# SpaceX Data Wrangling & Feature Preparation

## Objective
Clean, standardize, and merge SpaceX launch data collected from
the SpaceX API and Wikipedia into a unified dataset suitable for
exploratory data analysis and machine learning.

This step transforms raw, heterogeneous data sources into a
consistent and analyzable format.


## Input Datasets

- **SpaceX API (raw)**: Launch metadata, rocket IDs, launch sites, outcomes
- **Wikipedia (raw)**: Payload mass, orbit type, mission details

Both datasets were persisted independently to ensure reproducibility
and traceability across the pipeline.


In [1]:
import pandas as pd
import numpy as np
from pathlib import Path


In [2]:
data_dir = Path("../data/raw")

api_df = pd.read_csv(data_dir / "spacex_launches_raw.csv")
wiki_df = pd.read_csv(data_dir / "spacex_wikipedia_launches_raw.csv")

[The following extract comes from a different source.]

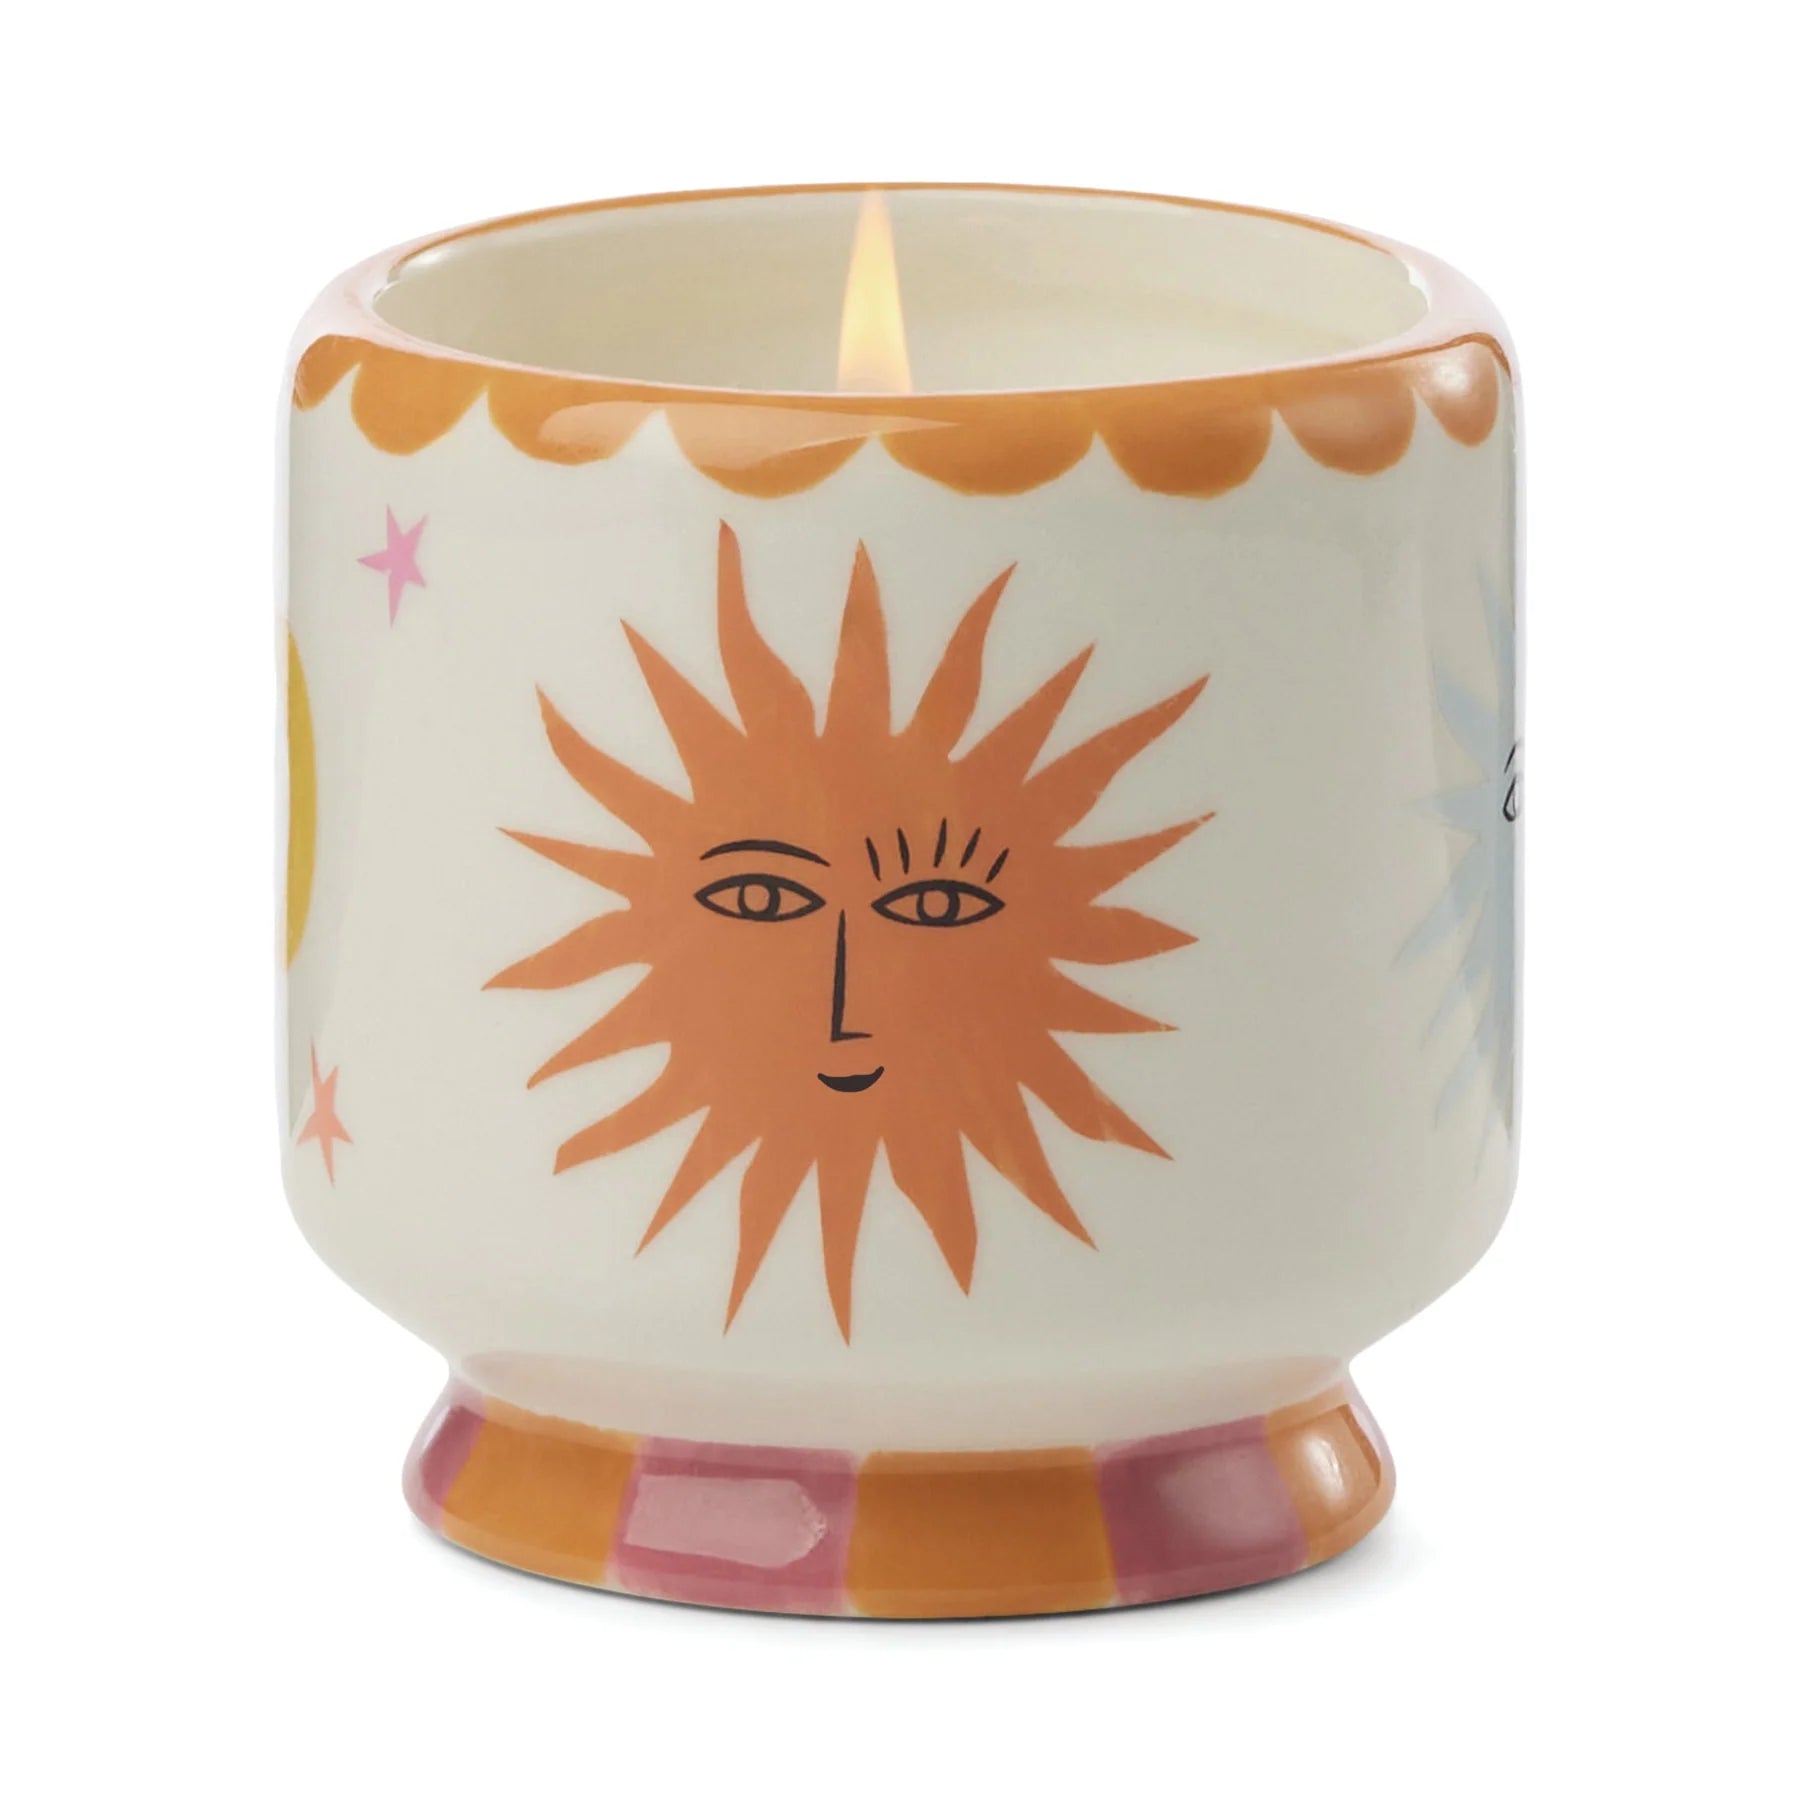 Sun Ceramic Soy Wax Candle - Orange Blossom

api_df.shape, wiki_df.shape


((205, 43), (763, 10))

Before merging, both datasets require cleaning and normalization.
Key challenges include:
- Nested structures in API data
- Non-numeric payload values
- Inconsistent naming and missing values


In [3]:
api_cols = [
    "flight_number",
    "name",
    "date_utc",
    "success",
    "rocket",
    "launchpad",
    "payloads",
    "cores"
]

api_df = api_df[api_cols]
api_df.head()


Unnamed: 0,flight_number,name,date_utc,success,rocket,launchpad,payloads,cores
0,1,FalconSat,2006-03-24T22:30:00.000Z,False,5e9d0d95eda69955f709d1eb,5e9e4502f5090995de566f86,['5eb0e4b5b6c3bb0006eeb1e1'],"[{'core': '5e9e289df35918033d3b2623', 'flight'..."
1,2,DemoSat,2007-03-21T01:10:00.000Z,False,5e9d0d95eda69955f709d1eb,5e9e4502f5090995de566f86,['5eb0e4b6b6c3bb0006eeb1e2'],"[{'core': '5e9e289ef35918416a3b2624', 'flight'..."
2,3,Trailblazer,2008-08-03T03:34:00.000Z,False,5e9d0d95eda69955f709d1eb,5e9e4502f5090995de566f86,"['5eb0e4b6b6c3bb0006eeb1e3', '5eb0e4b6b6c3bb00...","[{'core': '5e9e289ef3591814873b2625', 'flight'..."
3,4,RatSat,2008-09-28T23:15:00.000Z,True,5e9d0d95eda69955f709d1eb,5e9e4502f5090995de566f86,['5eb0e4b7b6c3bb0006eeb1e5'],"[{'core': '5e9e289ef3591855dc3b2626', 'flight'..."
4,5,RazakSat,2009-07-13T03:35:00.000Z,True,5e9d0d95eda69955f709d1eb,5e9e4502f5090995de566f86,['5eb0e4b7b6c3bb0006eeb1e6'],"[{'core': '5e9e289ef359184f103b2627', 'flight'..."


## Cleaning Payload Mass

Payload mass values extracted from Wikipedia often contain
units, annotations, or missing values.
These values must be converted into numeric kilograms.


In [4]:
payload_candidates = [
    col for col in wiki_df.columns
    if "payload" in col.lower()
]

payload_candidates

['payload[k]', 'payload_mass']

In [5]:
payload_col = payload_candidates[0]
payload_col

'payload[k]'

In [6]:
wiki_df[payload_col] = (
    wiki_df[payload_col]
    .astype(str)
    .str.replace(",", "", regex=False)
    .str.extract(r"(\d+\.?\d*)")[0]
    .astype(float)
)

wiki_df[payload_col].describe()

count     725.000000
mean       95.707172
std       367.055309
min         0.000000
25%         6.000000
50%        15.000000
75%        26.000000
max      4000.000000
Name: payload[k], dtype: float64

## Column Normalization

Column names are standardized to ensure consistency
across datasets prior to merging.


In [7]:
wiki_df = wiki_df.rename(columns={
    payload_col: "payload_mass_kg",
    "orbit": "orbit"
})

wiki_df.columns


Index(['flight_no.', 'date_and_time_(utc)', 'version,_booster[j]',
       'launch_site', 'payload_mass_kg', 'payload_mass', 'orbit', 'customer',
       'launch_outcome', 'booster_landing'],
      dtype='object')

## Creating Landing Outcome Label

For downstream analysis, a binary target variable is created:
- `1` → Successful landing
- `0` → Failed landing

This label will be used in both EDA and machine learning models.


In [8]:
api_df["landing_success"] = api_df["success"].fillna(False).astype(int)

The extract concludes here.